Жульета вспомнила Жоакима. Коммунист сказал: «Соединитесь, уходите вместе». Это вот Лола и сделала. Значит, она поступила правильно? Всё это очень сложно, Жульета поняла теперь, почему шофер говорил так жестко тогда вечером, в Ассоциации.
– Я не знала тогда, что он был… тем, что он есть. Когда я узнала…
Она хотела солгать, сказать, что была намерена оставить Пепе, но подумала, что такая ложь будет предательством, что сказать это – значит обидеть Пепе ещё горше, чем его обижали.
– Когда я узнала, я осталась… Он мне сказал, чтоб я уходила… Но я осталась, я любила его, понимаете?
Тихие слёзы струились по её лицу, Жульета протянула ей носовой платок.
– Я и сейчас его люблю… Да, люблю… Если бы я не любила его, я бы покончила с собой, жизнь мне не нравится, ни мужчины, ни женщины, ни день, ни ночь… Ничто и никто мне не нравится… Но я его безумно люблю…
За окном был ясный голубой день, сказочный день, словно сошедший со страниц поэмы Сержио, за окном был другой мир, полный счастья, пенья птиц и распускающихся цветов, за окном была весна и гуляли нарядные женщины Но этот день внезапно обрывался у окна этой комнаты, словно боясь войти. Жульета была опечалена, и ей хотелось, чтобы гостья поскорей закончила свой рассказ.
– Что у вас общего со всем этим? Что у вас общего с моей жизнью? Мне сказали: может быть, сеньора Зуде попросит своего супруга за Пепе. Она добрая…
– Я не добрая…
– Я не должна была приходить… Я знаю. Вы замужняя женщина, порядочная. А что такое я? Уличная девка, вы слишком добры, что принимаете меня. Но знаете, что привело меня сюда, почему я здесь и прошу вас помочь? Я люблю его… Если его вышлют, я покончу с собой…
– Бедная… Я не знаю, удастся ли мне что-нибудь сделать. Я попрошу мужа, буду настаивать, чтоб он похлопотал. Не думайте, что я не понимаю…

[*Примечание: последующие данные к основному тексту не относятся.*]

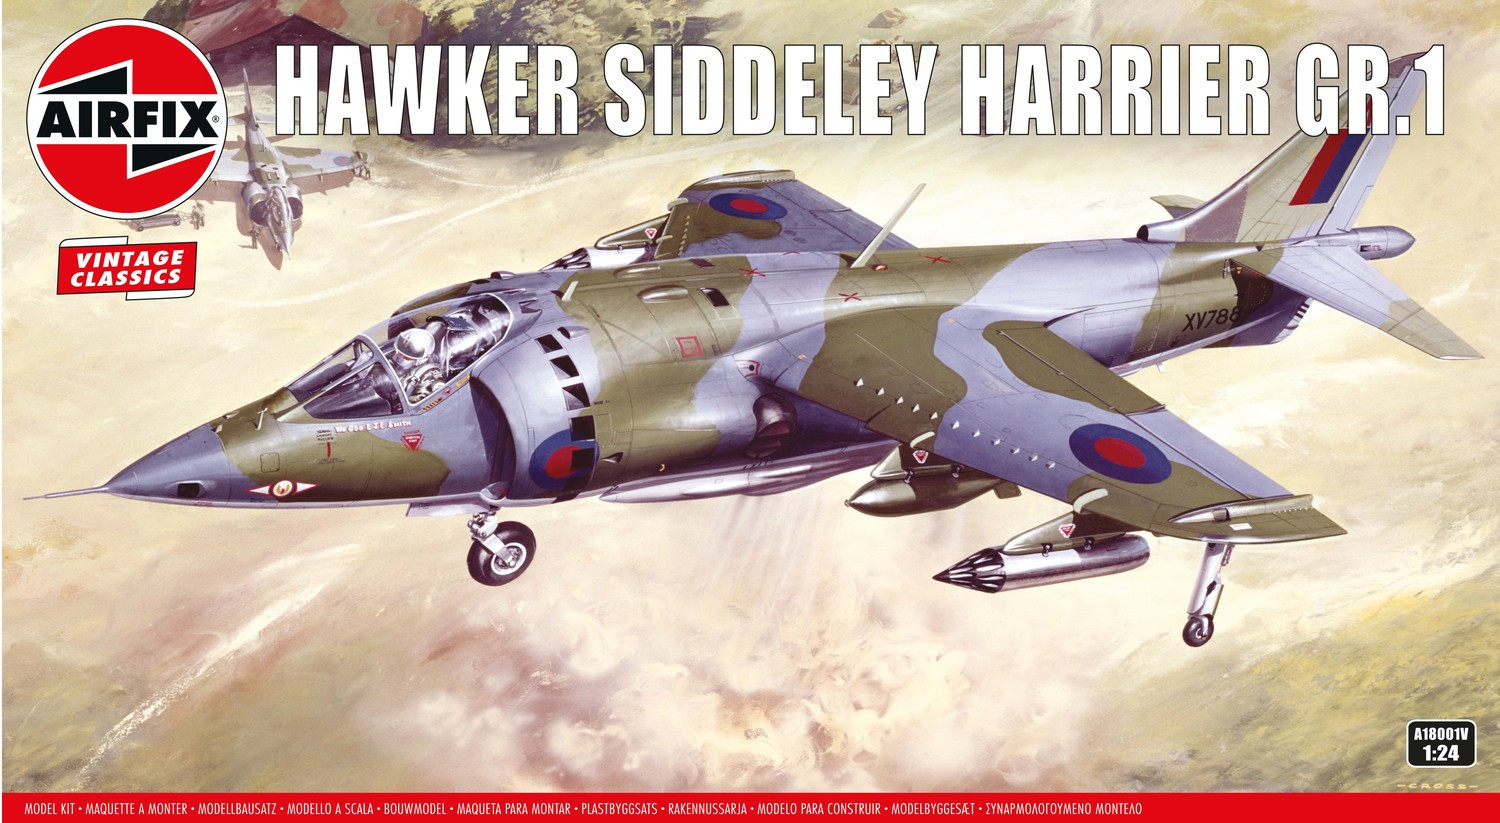 British Hawker Siddeley Harrier GR.1 (1:24 Scale)
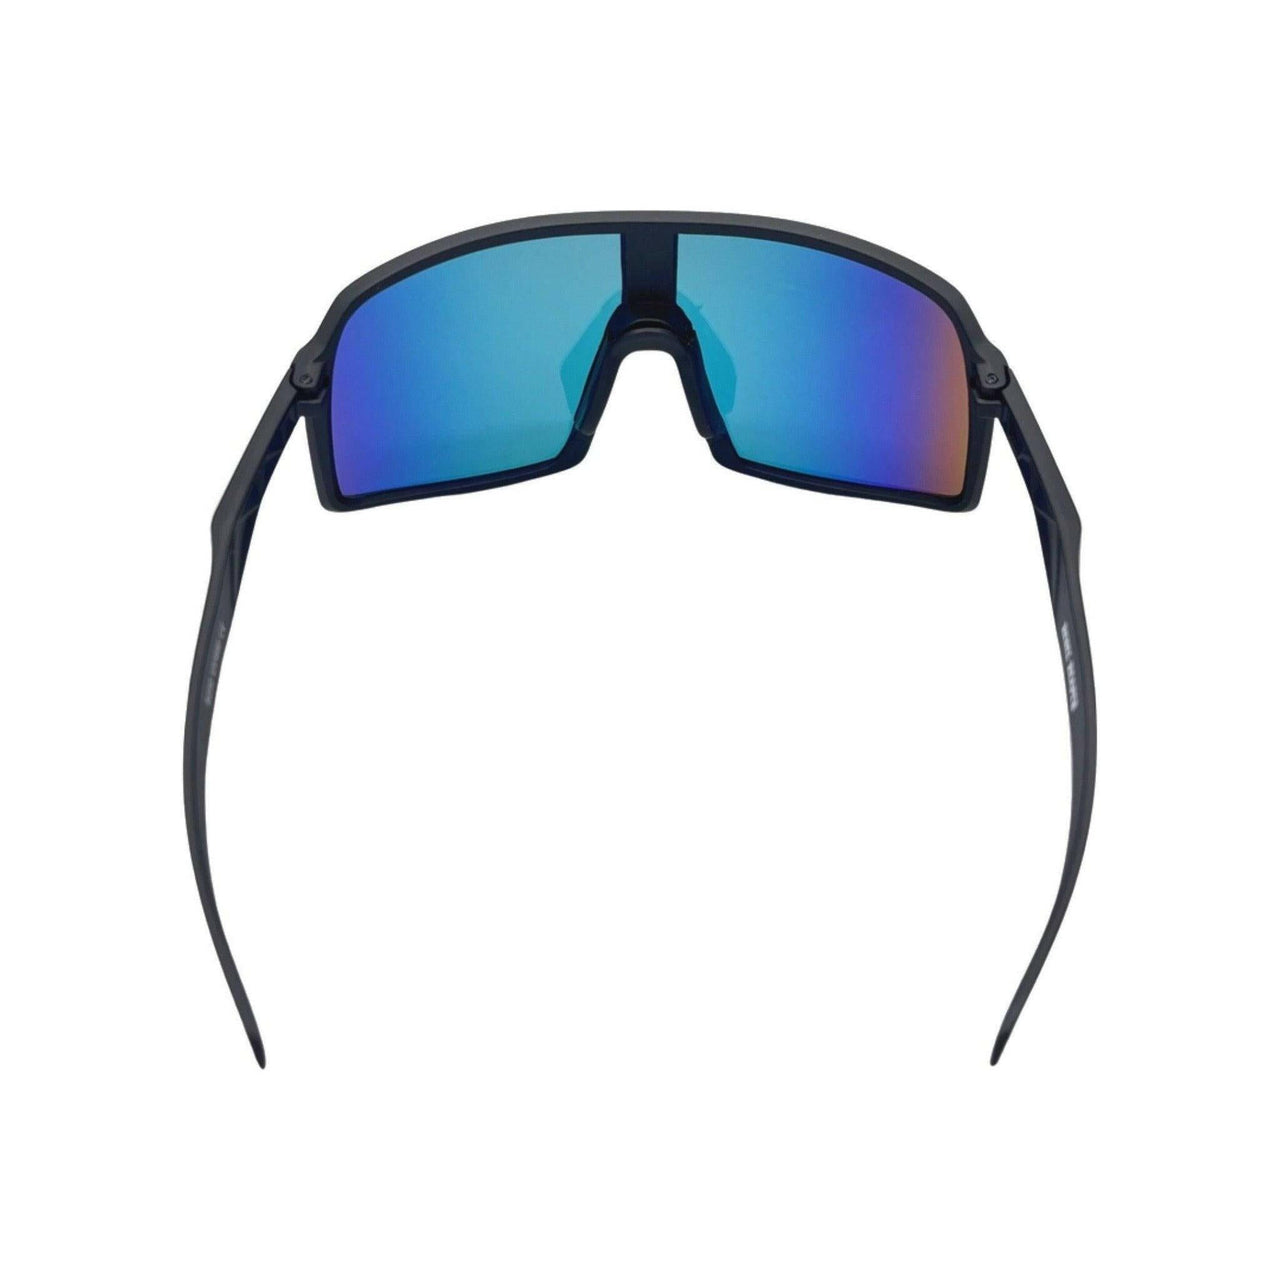 Yeti Red Mirror Polarized Lens Sunglasses - Rebel Reaper Clothing Company Sunglasses

– Вы добрая, мне это говорили… Я много страдала… – Лола уже не плакала.
Свет дня начинал медленно просачиваться из окна в комнату, освещая лицо Лолы, словно зажигая огнем её золотистые волосы. Жульету мучили противоречивые мысли. «Она поступила хорошо, но дорого заплатила за это».
– Я не знаю, что вы думаете обо мне. Может быть, вам нужно только мое вмешательство. Не знаю также, всё ли правда, что вы мне рассказали. Люди много врут (она вспомнила Сержио), часто притворяются. Но я друг вам…
Её интересовали подробности, но ей было стыдно расспрашивать, она боялась, что Лола примет это за нездоровое, жестокое любопытство, которое так ранит людей.
– Нет, мы не можем быть друзьями. Вы – из другого мира. Я – из плохого мира, из грязного. У вас есть муж, у вас есть свой дом, домашний очаг, что ещё больше, чем дом, ваша жизнь хорошая. Я схожусь со многими мужчинами, а тот, кого я люблю, приходит и уходит, у него другие женщины, у нас нет дома, наш дом для всех, кто может заплатить…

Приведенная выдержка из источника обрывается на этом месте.